In the following examples, we assume:

from cpmpy import *
x = intvar(0, 3, shape=2)
m = Model(x[0] > x[1])

Just return the number of solutions (here: 6)

n = m.solveAll()
print("Nr of solutions:", n)

With a solution limit: e.g. find up to 2 solutions

n = m.solveAll(solution_limit=2)
print("Nr of solutions:", n)

Find all solutions, and print the value of x for each solution found.

n = m.solveAll(display=x)

display Can also take lists of arbitrary CPMpy expressions:

n = m.solveAll(display=[x,sum(x)])

Perhaps most powerful is the use of callbacks, which allows for rich printing, solution storing, dynamic stopping and more. You can use any variable name from the outer scope here (it is a closure). That does mean that you have to call var.value() each time to get the value(s) of this particular solution.

Rich printing with a callback function:

def myprint():
    xval = x.value()
    print(f"x={xval}, sum(x)={sum(xval)}")
n = m.solveAll(display=myprint) # callback function without brackets

Also callback with an anonymous lambda function possible:

n = m.solveAll(display=lambda: print(f"x={x.value()} sum(x)={sum(x.value())}")

A callback is also the (only) way to go if you want to store information about all the found solutions (only recommended for small numbers of solutions).

solutions = []
def collect():
n = m.solveAll(display=collect, solution_limit=1000) # callback function without brackets
print(f"Stored {len(solutions)} solutions.")

Solution enumeration with blocking clauses

The MiniSearch[1] paper promoted a small, high-level domain-specific language for specifying the search for multiple solutions with blocking clauses.

This approach makes use of the incremental nature of the solver interfaces. It is hence much more efficient (less overhead) to do this on a solver object rather then a generic model object.

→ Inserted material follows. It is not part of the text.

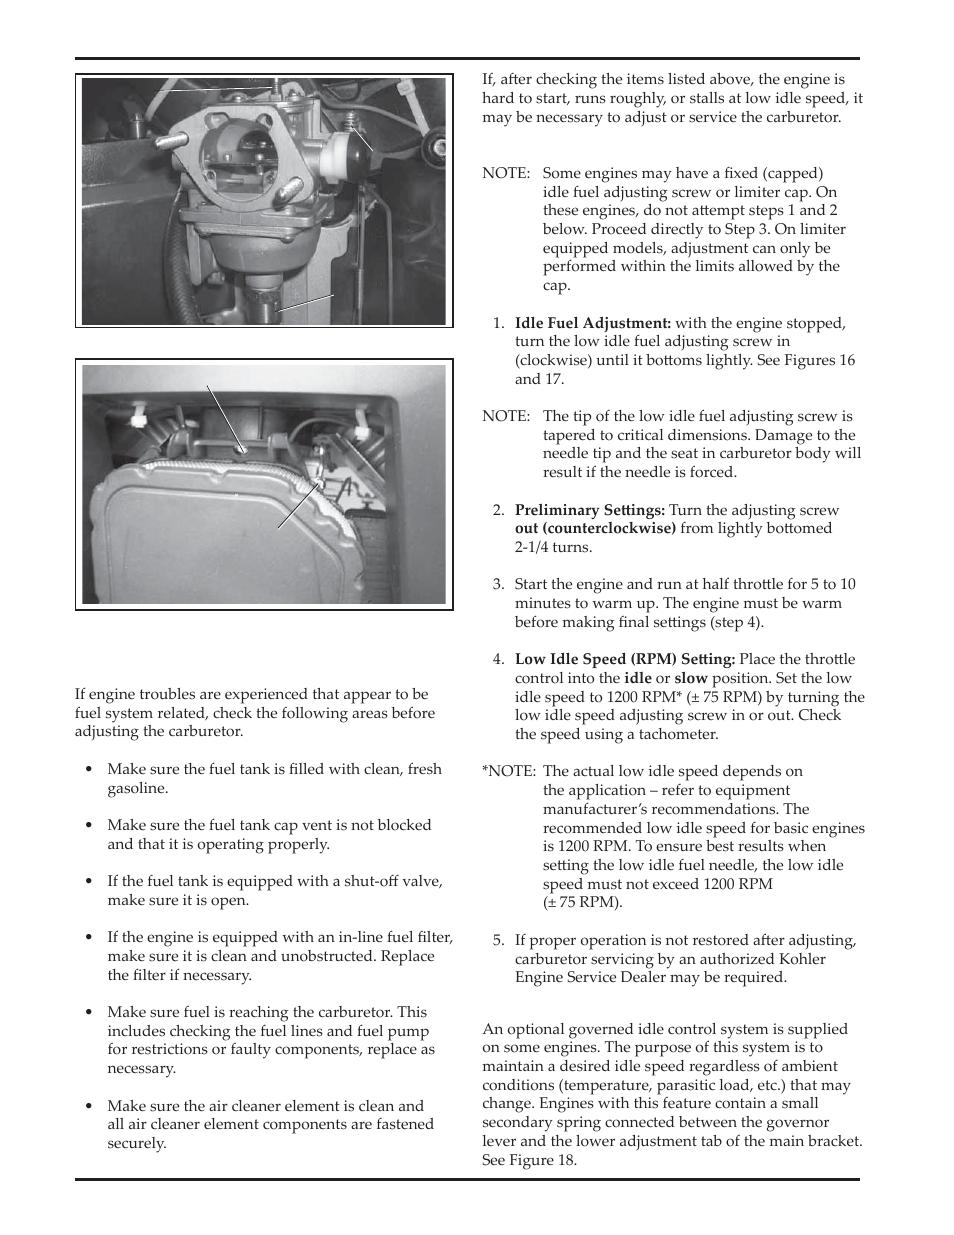 Kohler Courage SV720 User Manual | Page 12 / 20 | Also for

Here is an example of standard solution enumeration, note that this will be much slower than solveAll().

from cpmpy import *

x = intvar(0,3, shape=2)
m = Model(x[0] > x[1])
s = SolverLookup.get("ortools", m) # faster on a solver interface directly

while s.solve():
    # block this solution from being valid
    s += ~all(x == x.value())

In case of multiple variables you should put them in one long python-native list, as such:

x = intvar(0,3, shape=2)
b = boolvar()
m = Model(b.implies(x[0] > x[1]))
s = SolverLookup.get("ortools", m) # faster on a solver interface directly

while s.solve():
    print(x.value(), b.value())
    allvars = list(x)+[b]
    # block this solution from being valid
    s += ~all(v == v.value() for v in allvars)

Mixing native callbacks with CPMpy

CPMpy passes arguments to solve() directly to the underlying solver object, so you can actually define your own native callbacks and pass them to the solve call.

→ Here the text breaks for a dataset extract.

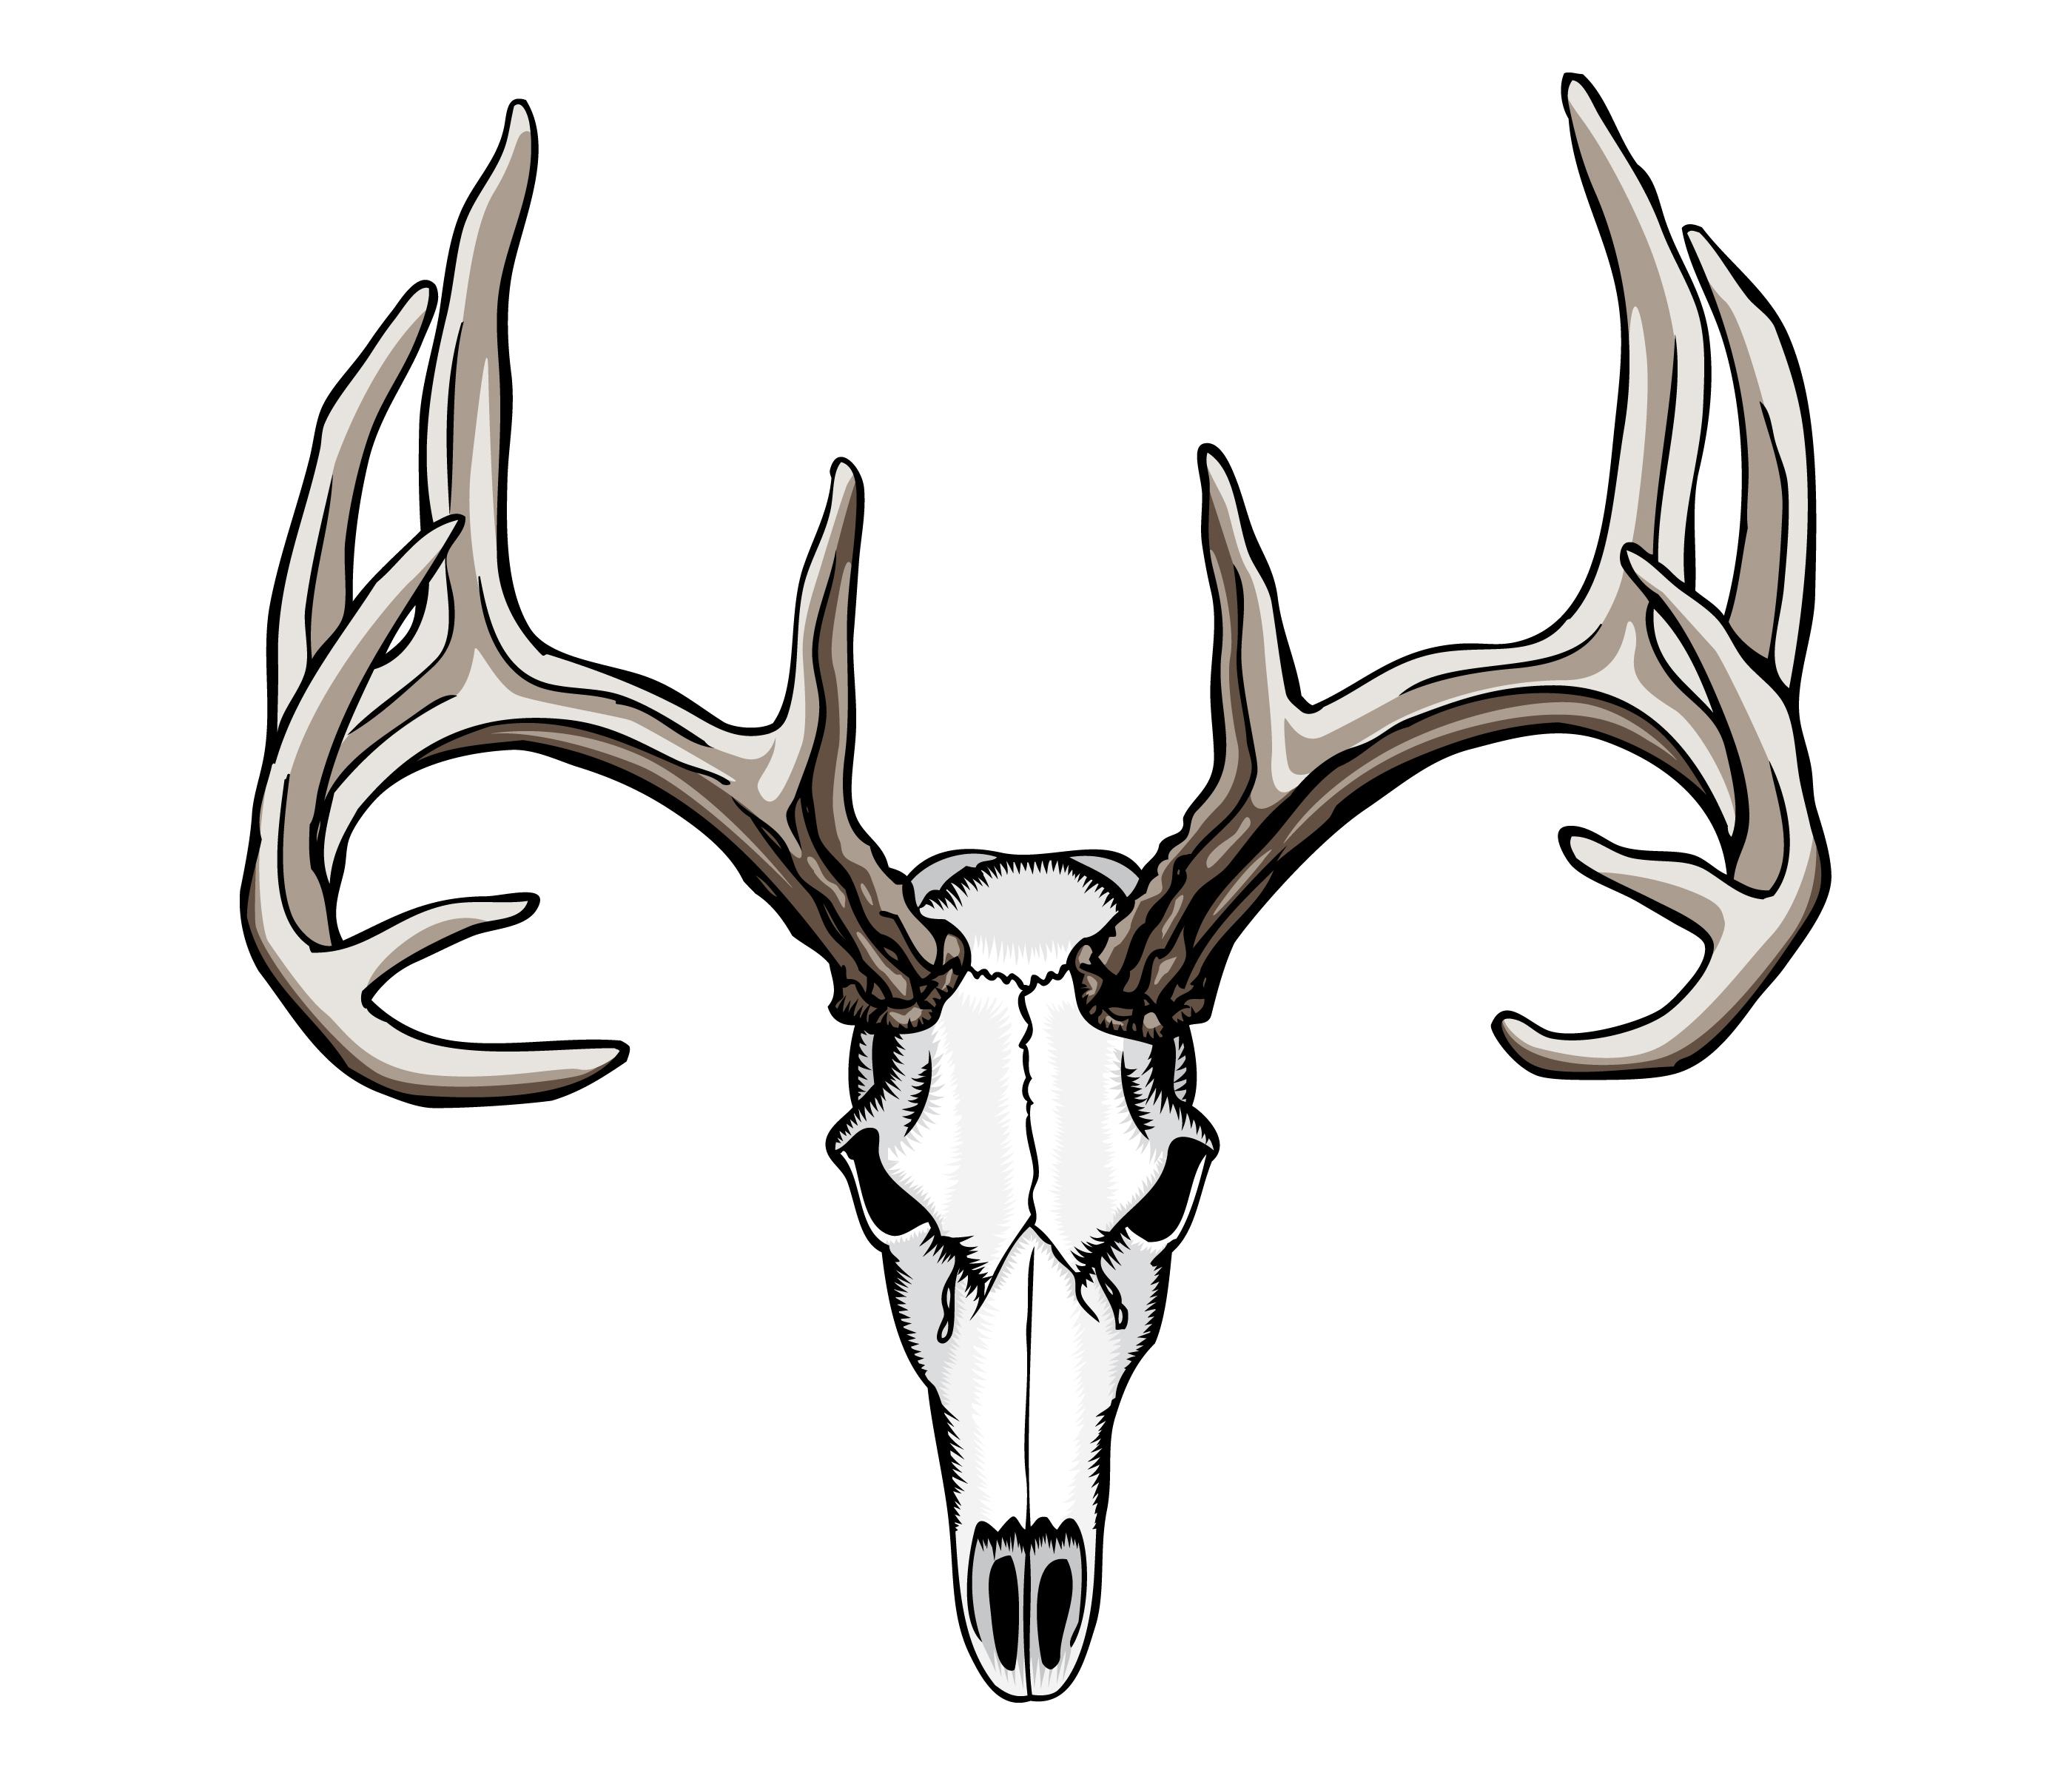 Deer Skull Drawing 21296 Whitetail Deer Skull Tattoos Jpg

The following is an example of that, which is actually how the native solveAll() for ortools is implemented. You could give it your own custom implemented callback cb too.

from cpmpy import *
from cpmpy.solvers import CPM_ortools
from cpmpy.solvers.ortools import OrtSolutionPrinter

x = intvar(0,3, shape=2)
m = Model(x[0] > x[1])

s = SolverLookup.get('ortools', m)
cb = OrtSolutionPrinter()
s.solve(enumerate_all_solutions=True, solution_callback=cb)
print("Nr of solutions:",cb.solution_count())